WELCOME TO MY BLOG

Minggu, 19 Februari 2012

demokrasi dan pemajuan HAM

A.   Demokrasi dan Pemajuan Hak Asasi Manusia

Perjuangan ke arah demokratisasi telah menandai berbagai peristiwa sosial dan politik di berbagai belahan dunia selama paruh kedua abad ke  20 yang lalu. Memasuki millennium baru di abad 21 ini, tuntutan demokratisasi ini semakin nyaring disuarakan oleh para pecinta kemanusiaan, keadilan dan perdamaian. Sebuah perjuangan panjang yang sekaligus merupakan proses belajar bagi bangsa-bangsa tersebut untuk semakin dewasa dalam kehidupan berbangsa dan bernegara. Menurut Faisal Siagian, perjuangan menegakkan demokrasi harus memiliki salah satu tujuan utamanya ialah pembentukan masyarakat politik yang demokratis, termasuk di sini pemilihan kepala daerah secara fair dan demokratis melalui mekanisme persaingan secara wajar, sehingga proses politik setelah pemilihan itu masyarakat berada dalam keadaan suasana damai, teratur dan stabil. Demokrasi dapat berkembang bukan hanya karena adanya kepemimpinan yang demokratis saja, melainkan juga karena tingginya partisipasi masyarakat dalam sistem politik nasional dan lokal. (Faisal Siagian, 1995, p.132)
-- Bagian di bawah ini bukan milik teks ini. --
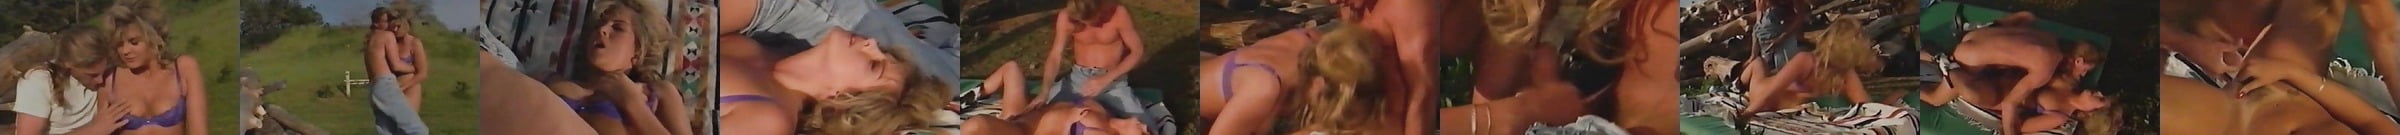 Debi Diamond Randy West Free Vintage Porn 8c Xhamster

Setidaknya ada tiga ciri dalam suatu sistem pemerintahan yang Demokratis, yaitu : 1- persaingan yang ekstensif untuk menduduki posisi-posisi politis negara melalui pemilihan yang teratur, bebas dan adil; 2- adanya akses untuk partisipasi politik yang menyeluruh sehingga tidak seorang dewasa pun yang tidak dicakupnya; 3- kebebasan pers, kebebasan berserikat dan ditegakkannya hukum, yang cukup untuk menjamin bahwa persaingan dan partisipasi politik tersebut menjadi bermakna dan otentik (Larry Diamond, 1994, p. 10).

Dalam perkembangan pemikiran maupun praktek demokrasi di berabagai negara di dunia, telah berkembang berbagai bentuk demokrasi, seperti demokrasi langsung, demokrasi perwakilan, demokrasi konstitusional, demokrasi liberal, demokrasi kapitalis, demokrasi sosial dll.. Namun apapun atribut yang dilekatkan kepada demokrasi, menurut Mangadar Situmorang, yang paling penting diperhatikan adalah bahwa ide-ide dan eksperimen-eksperimen politik tersebut menegaskan adanya sejumlah kriteria universal bagi demokrasi. Kriteria-kriteria tersebut antara lain :

1-       Adanya partisipasi masyarakat dalam pengambilan keputusan, baik secara langsung maupun melalui lembaga-lembaga perwakilan;
2-       Adanya kebebasan berpendapat, berusaha, dan hak milik;
3-       Adanya rule of law yang disepakati dan ditaati oleh setiap lapisan masyarakat, termasuk oleh pemerintah. Hukum harus membatasi kekuasaan penguasa dan melindungi hak-hak rakyat;
4-       Adanya distribusi dan pergantian kekuasaan secara damai. (Mangadar Situmorang, 1995, p. 166)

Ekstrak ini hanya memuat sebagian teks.